3.Virtual Column Based partitioning: In the previous versions of Oracle, a table could be partitioned only if the partition key physically existed in the table. The new functionality in Oracle 11G, “Virtual columns”, removes this restriction and allows partitioning key to be defined by an expression that uses one or more columns of a table. The virtual columns are stored as metadata only.

借用一个网友的例子:


create table sales
(
sales_id number,
cust_id number,
sales_amt number,
sale_category varchar2(6)
generated always as
(
case
when sales_amt <= 10000 then 'LOW' when sales_amt > 10000
and sales_amt <= 100000 then case when cust_id < 101 then 'LOW' when cust_id between 101 and 200 then 'MEDIUM' else 'MEDIUM' end when sales_amt > 100000
and sales_amt <= 1000000 then case when cust_id < 101 then 'MEDIUM' when cust_id between 101 and 200 then 'HIGH' else 'ULTRA' end else 'ULTRA' end ) virtual ) partition by list (sale_category) ( partition p_low values ('LOW'), partition p_medium values ('MEDIUM'), partition p_high values ('HIGH'), partition p_ultra values ('ULTRA') ) ; Table created. SQL>
SQL> insert into sales (sales_id,cust_id,sales_amt) values (1,1,100);

1 row created.

SQL> commit;

Commit complete.

SQL> select * from sales partition (p_low);

SALES_ID CUST_ID SALES_AMT SALE_C
———- ———- ———- ——
1 1 100 LOW

4.System Partitioning

CREATE TABLE syspar (c1 int, c2 int)
PARTITION BY SYSTEM
(
PARTITION p1 TABLESPACE tbs_1,
PARTITION p2 TABLESPACE tbs_2,
PARTITION p3 TABLESPACE tbs_3,
PARTITION p4 TABLESPACE tbs_4
);


由SQL语句决定插入哪一个分区 like: insert into syspar partition (x) values (1,2); 这种类型的分区将不支持Partition Split操作,也不支持create table as select操作。

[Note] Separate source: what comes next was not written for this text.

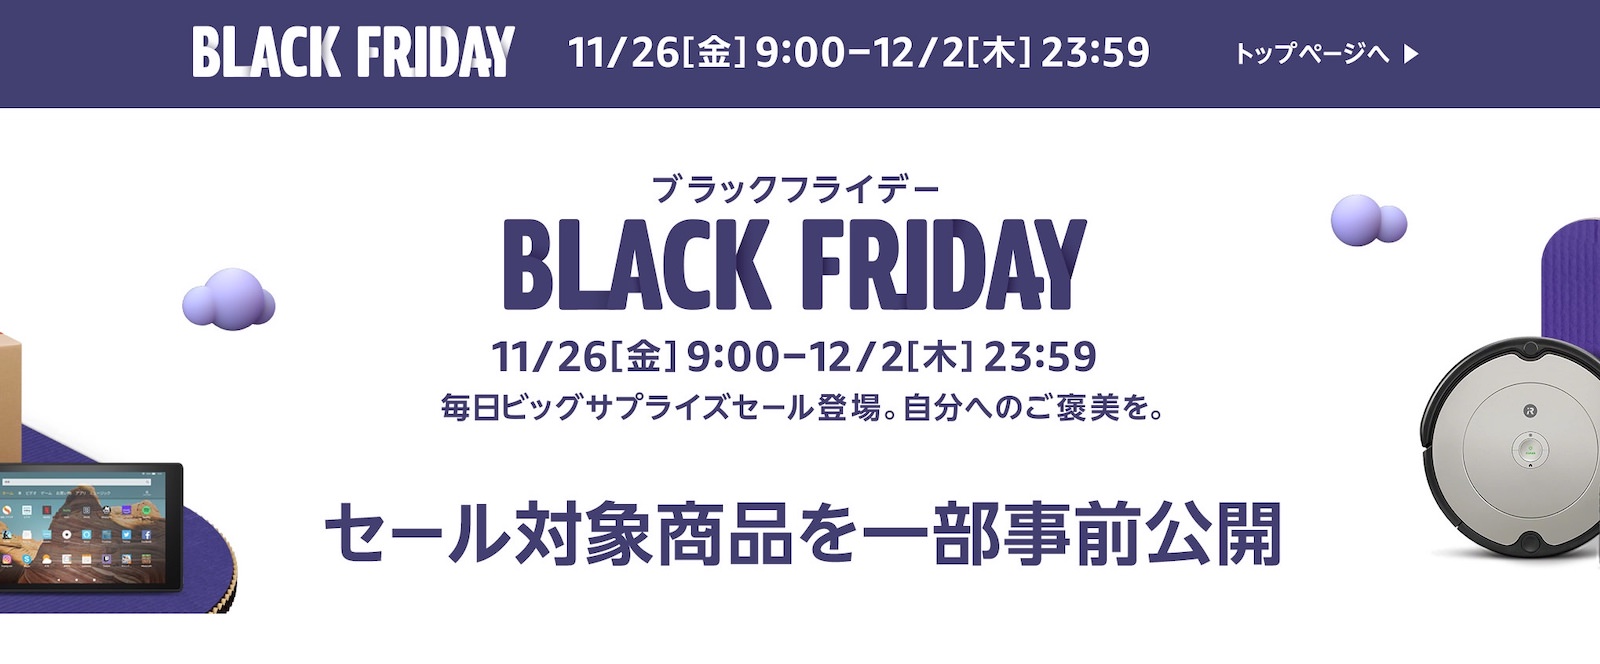 Amazon Black Friday sale

5.More Composite Partitioning

现在Range,List,Interval都可以作为Top level分区,而Second level则可以是Range,List,Hash,也就是在11g中可以有3*3=9种复合分区,满足更多的业务需求。

6.Introduced Partition Advisor

The Partition Advisor is part of the SQL Access Advisor of EM in 11g . The Partition Advisor can recommend a partitioning strategy for a table based on a supplied workload of SQL statements which can be supplied by the SQL Cache, a SQL Tuning set, or be defined by the user.